I kriss: il tribunale civile zingaro
I kriss e un vero e proprio tribunale civile zingaro, esso è costituito da persone anziane Rom phuré a cui le parti contendenti si rivolgono per risolvere problemi di natura morale, matrimoniale, economica, civile. I Rom che vengono scelti a costituire il tribunale sono detti Rom di Kriss o Rom pativalé e sono persone scelte per le loro particolari doti umane e morali, per la loro reputazione, per il loro prestigio, per la loro saggezza. Un Rom é tanto più rispettabile (pativaló) quanto più si dimostra pubblicamente degno ed intelligente durante una kriss. I kriss e anche il sistema giuridico zingaro attraverso il quale si tende a preservare i patìve (l'onore di ogni singolo individuo all'interno della comunità zingara. La sentenza espressa dai Rom pativalé (uomini d'onore e inappellabile e di immediata attuazione. In tempi passati, quando i Rom vivevano lontano dalle città perché barbaramente repressi, se la colpa era particolarmente grave la punizione poteva consistere nell'allontanamento dal gruppo. Si restava così completamente soli lontano dal gruppo e dalla società maggioritaria inospitale. Nelle famiglie in cui scende la considerazione della kriss subentra la vendetta come sistema giuridico.
O merribbé
La morte (o merribbé) è un evento sentito profondamente dai Rom. Nel dolore per la morte di un congiunto si riuniscono i membri della famiglia in un sincero spirito di solidarietà. Un Rom moribondo non viene lasciato mai solo, fino all'ultimo respiro. Amici e parenti si avvicendano al capezzale con affetto e rispetto, anche quando si tratta del più disadattato dei Rom. Quasi sempre il feretro è portato da una carrozza mentre il corteo funebre è accompagnato da una banda musicale e da una folla commossa, i Rom per l'occasione arrivano anche da molto lontano. I Rom più vicini alla famiglia in lutto portano il consolo, ovvero il pranzo del conforto, con grande abbondanza di cibo perché, dopo la veglia funebre tutti possano ristorarsi. Dalla tavola però sono banditi i latticini, la carne, le uova di cui i Rom in lutto (kalipé) si privano per lungo tempo; si consumano invece il pesce, i farinacei e le verdure. Il periodo di "kalipé" varia a secondo del grado di parentela e il grado di amicizia con il defunto, di solito dai sei mesi ai tre anni. In segno di lutto é obbligatorio vestire gli abiti neri e privarsi di ogni divertimento. Non si partecipa perciò a feste, a cerimonie, a banchetti. non si ascoltano programmi radiofonici o televisivi e non si entra in locali pubblici come bar, discoteche, ristoranti, osterie etc.

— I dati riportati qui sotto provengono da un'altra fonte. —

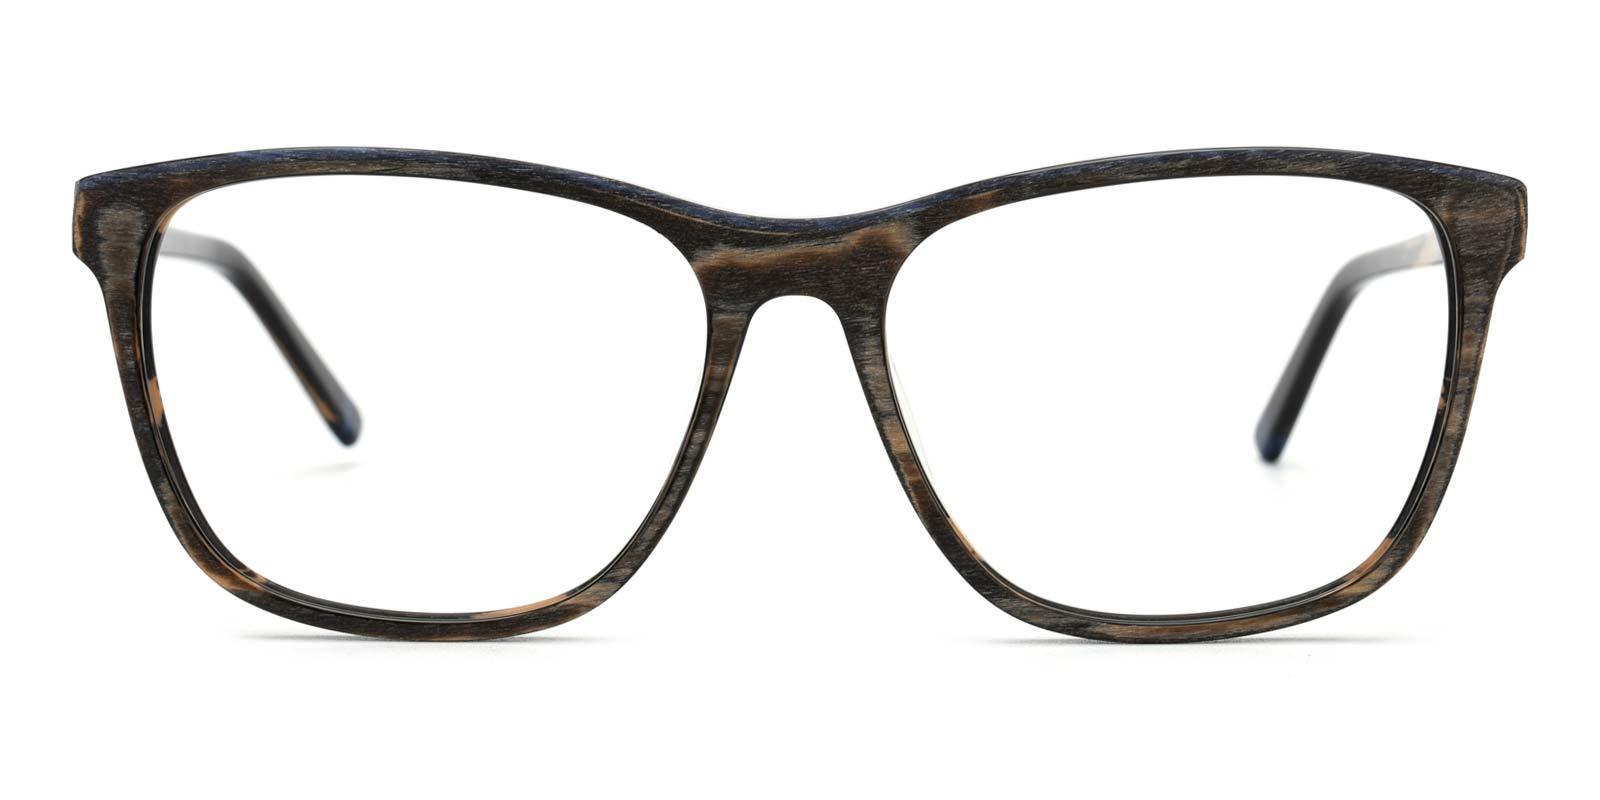 Hazelnut-Striped-Rectangle-Acetate-Eyeglasses-detail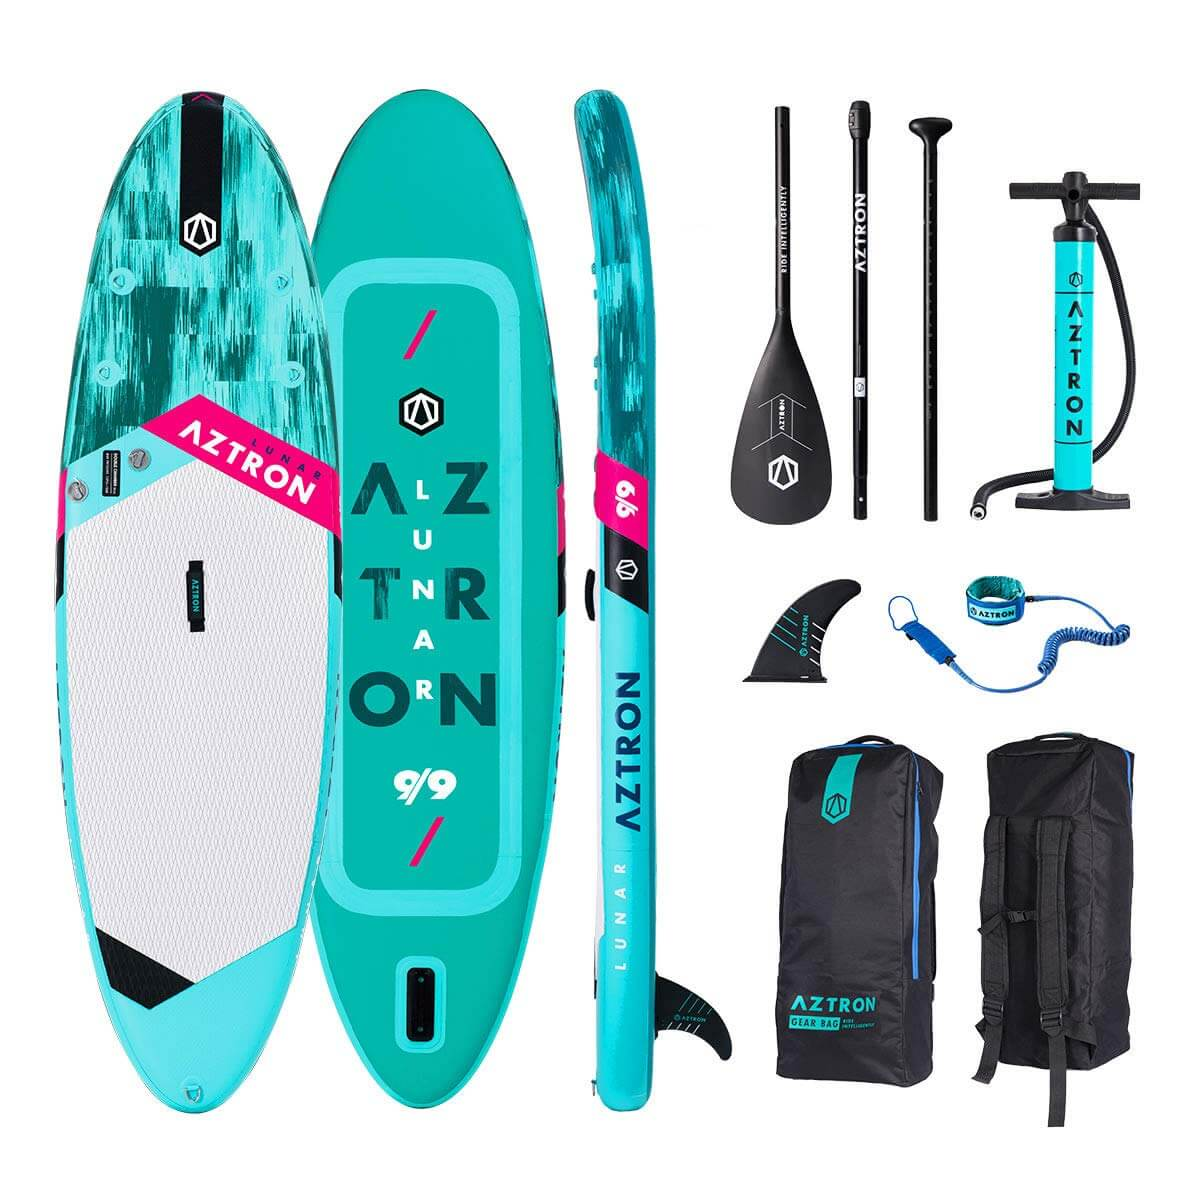 0a025e30cf5f aztron-lunar-sup-board-with-accessories-paddle-handpump-

Gli uomini non si tagliano la barba che lasciano crescere incolta per varie settimane. Nel periodo di lutto, soprattutto le donne evitano di uscire di casa e limitano i contatti sociali ai soli familiari. I Rom abruzzesi hanno un vero e proprio culto per i propri morti che chiamano "muluré" con un diminutivo che ha un valore profondamente affettivo. L'offesa più grande che un Rom possa dare o ricevere e l'insulto dei morti.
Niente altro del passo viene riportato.